Пахом стеснялся своего высокого роста, сутулился, краснел и все терпеливо сносил – ждал: уйдут скоро на службу соперники – там видать будет…
Конфетку Яков ей в ладошку притиснет, пальчики ее в кулачок сожмет, притянет к себе лапищей, да еще и на ухо зашепчет, шевеля усами ее золотую сережку, – она так и зарумянится, голубыми глазками-то поплывет в истоме по избе. А уж последнее время прямо с вечеринки и в овин уведет. Тут уж и Гаврил загорится, проводит их прищуром и к нашей соседке пристанет – и ему отказу не было, конфетками-то когда одарит.
Оскорбленные ходили с гармонистом по улице, зло вымещали:
У тебя Анюта есть – срам на лавку вместе сесть:
Нос картошкой, рот большой, сопли тянутся вожжой!

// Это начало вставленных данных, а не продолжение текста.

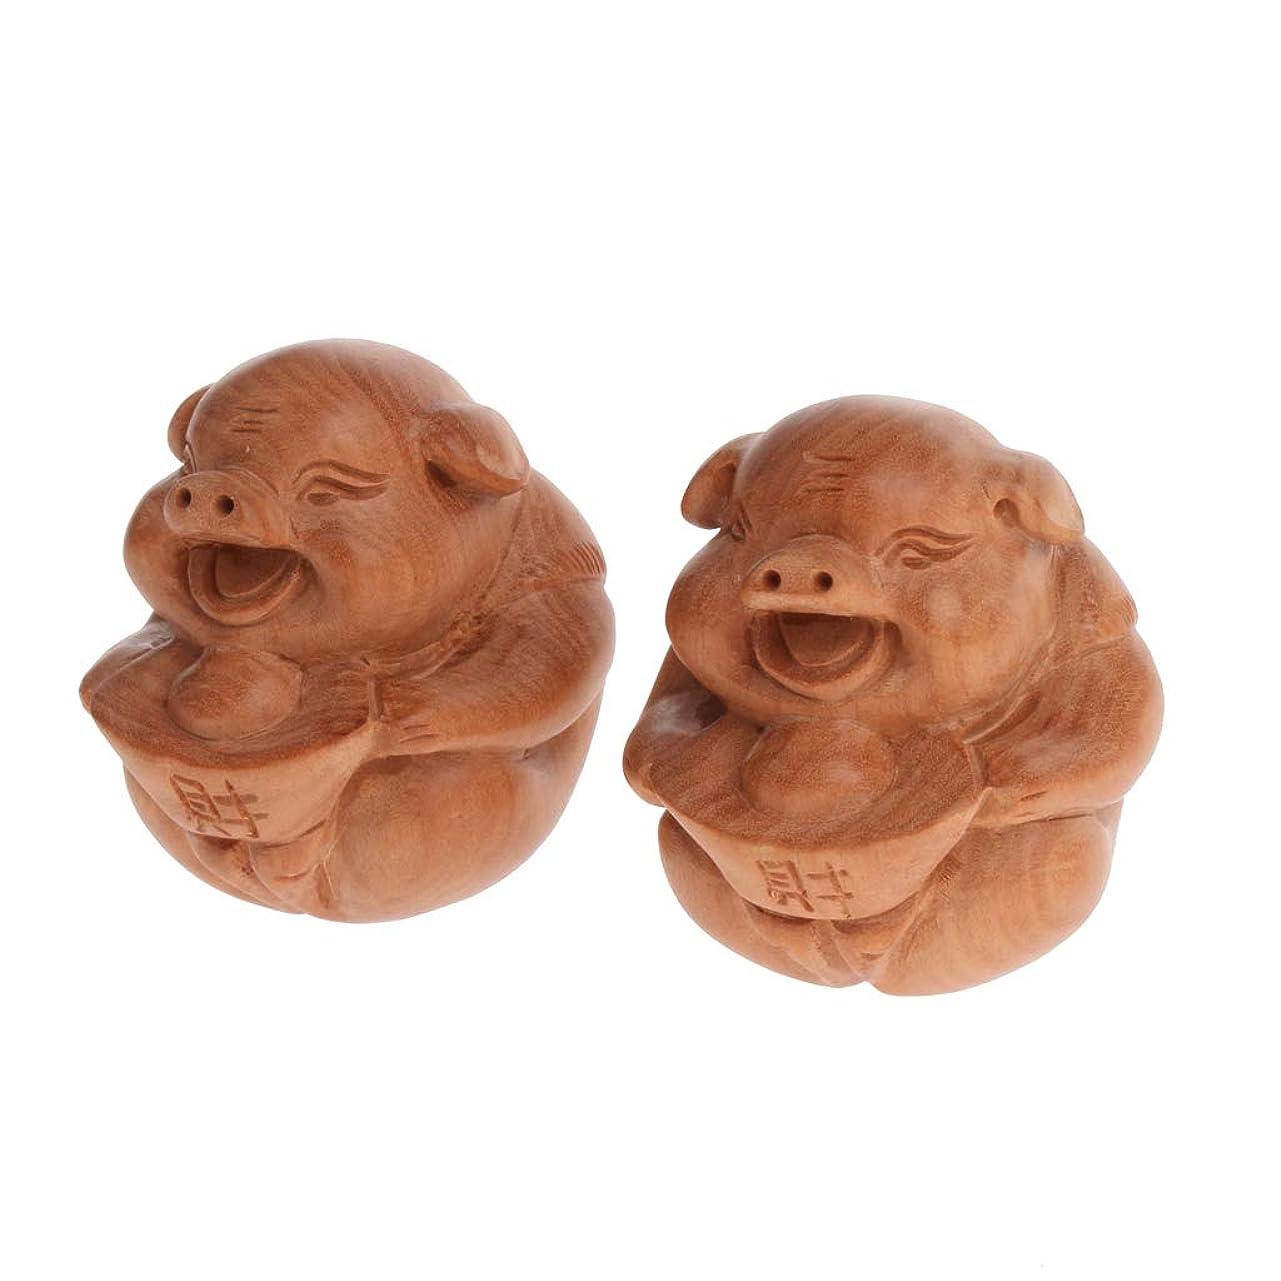 衣服控える簡潔なchiwanji 木製 指エクササイズ ボール マッサージボール フェイシャルエステツール 持ち運び 可能

Яков и Гаврил драку затеяли с парнями, что про Анюту частушку пели, пока рекрутили. Андрей еще на выручку прибегал: грудь гола, нож в голенище, даром что женатый.
И девки, бывало, не отставали:
Коля, Коля, Николай, Коля-Николашка,
Ты меня не оммани, как Параньку Яшка.
Конфетами одаривали только на праздничных вечеринках. А обычно – смех да песни в избе. Девки от ухажеров глаза прячут, а руки сами кудель тянут да веретено крутят. Зато когда парни соберутся на вечерку, так чуть с ума не сходят друг перед дружкой – всем ведь не терпелось себя показать.
Наблюдали мы и за молодками. Больше всего подглядывали за двоюродницей Никиты, дочерью его дяди Андрея. Она росточком не удалась, сама сухотелая, ножонки тонюсеньки, коса ровно хвостик, а глаз на красивого здоровяка из деревни Горки положила. На вечеринку как на смотрины наряжалась. Все завлекала его. Умерла потом, когда мы с Никитой служили.
Мужчины одной семьи без особой надобности в женскую половину не заглядывали. А мы с Никитой незаметно проберемся и сидим не дышим за пологом – глаз с нее не сводим. Никита уже к той поре верховодил мной. Зависел я чем-то от него: не то подачками он меня приманил, не то на защиту его братьев надеялся…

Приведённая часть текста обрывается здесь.